**TO DO:**
What is needed is an exact reproduction of the lines in the records below, starting at the line with "Photograph showing (from" and ending at the line with "Fast and Furious", both included, and nothing else; pictures stay out.
Top of GIVEN RECORDS
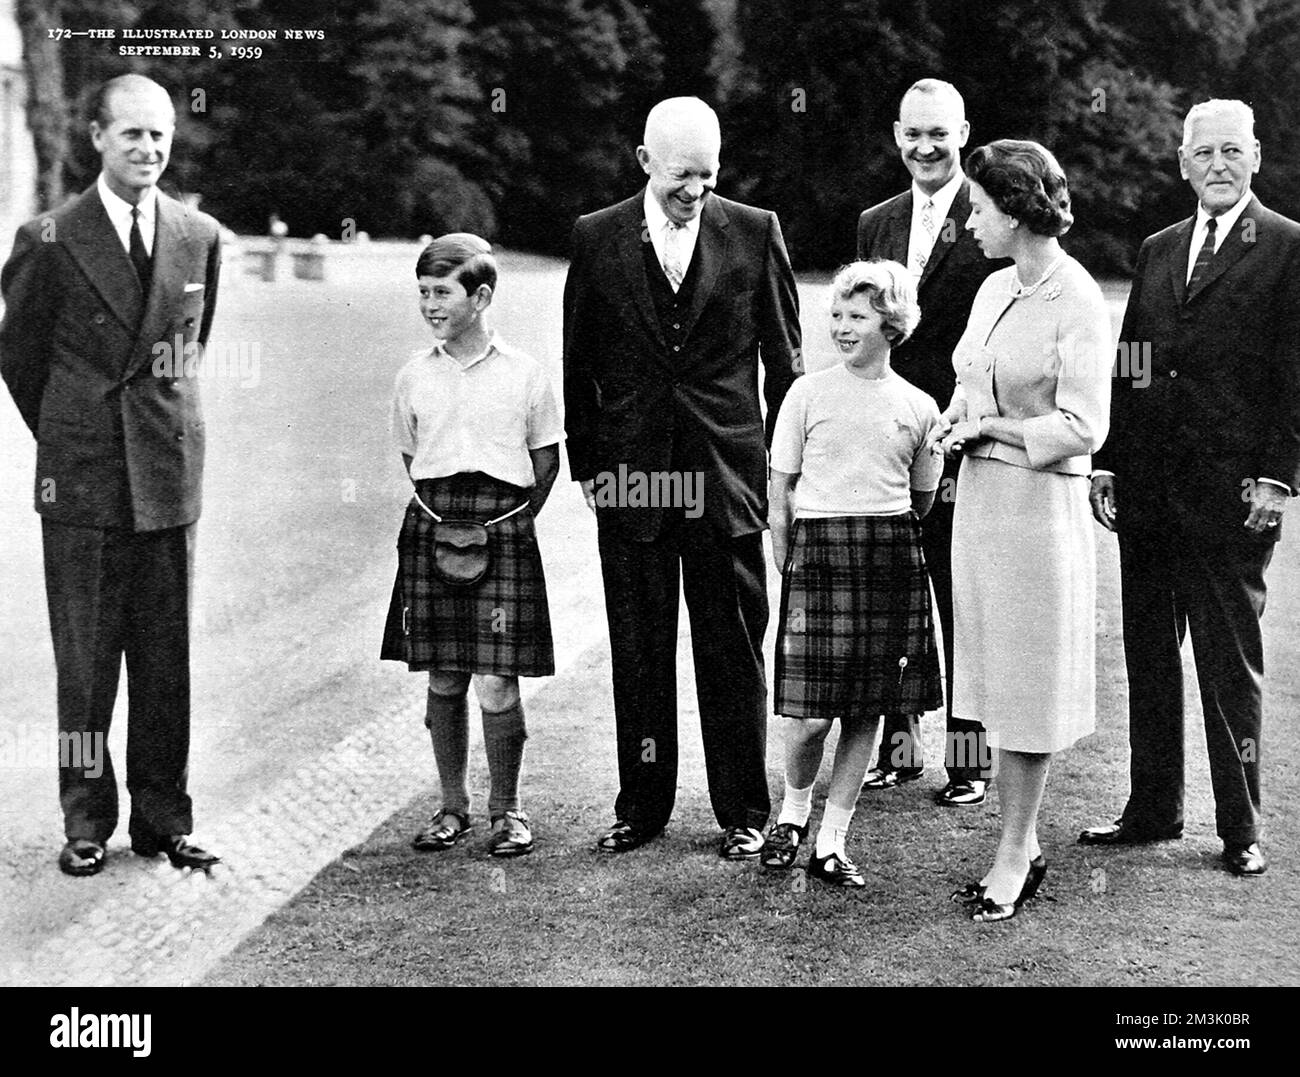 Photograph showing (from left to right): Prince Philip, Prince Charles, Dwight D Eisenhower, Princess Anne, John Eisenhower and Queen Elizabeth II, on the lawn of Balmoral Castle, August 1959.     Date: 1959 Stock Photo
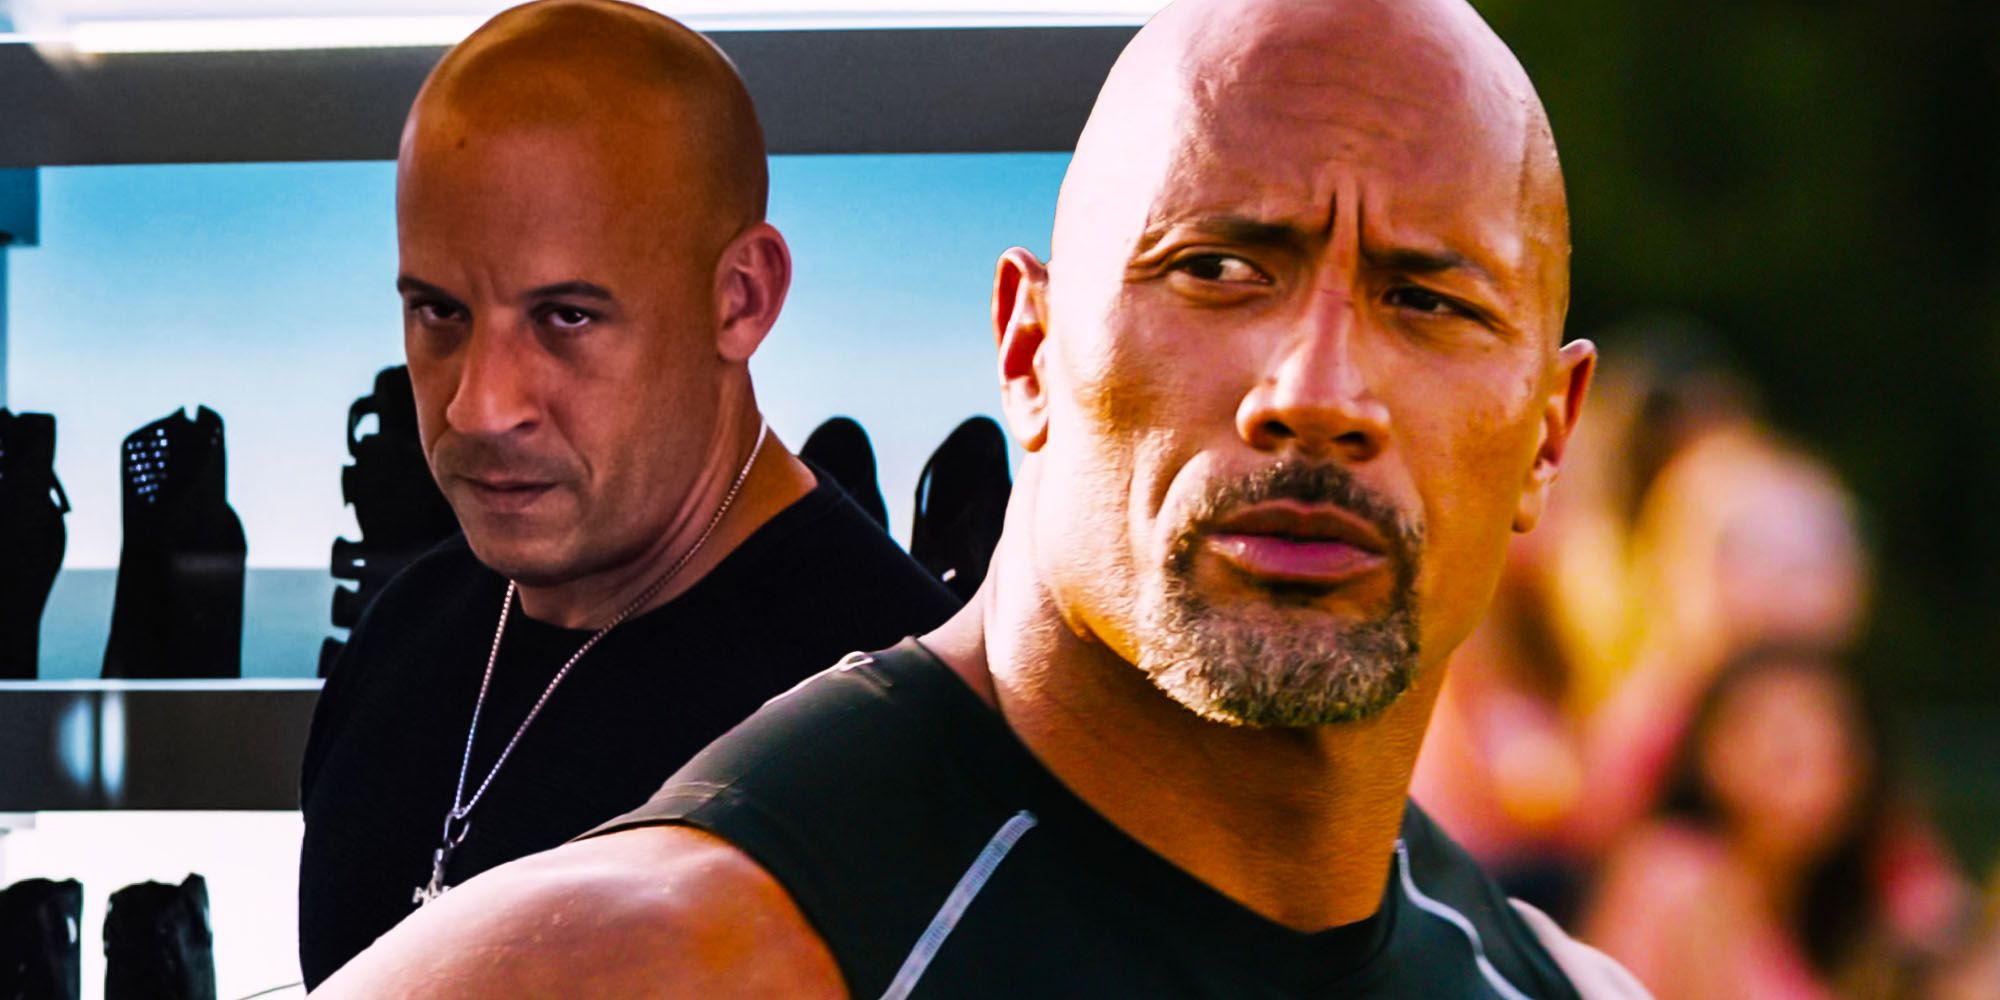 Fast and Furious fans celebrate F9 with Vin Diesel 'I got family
Bottom of GIVEN RECORDS
Top of GIVEN RECORDS
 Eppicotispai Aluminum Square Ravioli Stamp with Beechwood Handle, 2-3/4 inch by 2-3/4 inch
Bottom of GIVEN RECORDS
**RESPONSE:**
 Photograph showing (from left to right): Prince Philip, Prince Charles, Dwight D Eisenhower, Princess Anne, John Eisenhower and Queen Elizabeth II, on the lawn of Balmoral Castle, August 1959.     Date: 1959 Stock Photo
 Fast and Furious fans celebrate F9 with Vin Diesel 'I got family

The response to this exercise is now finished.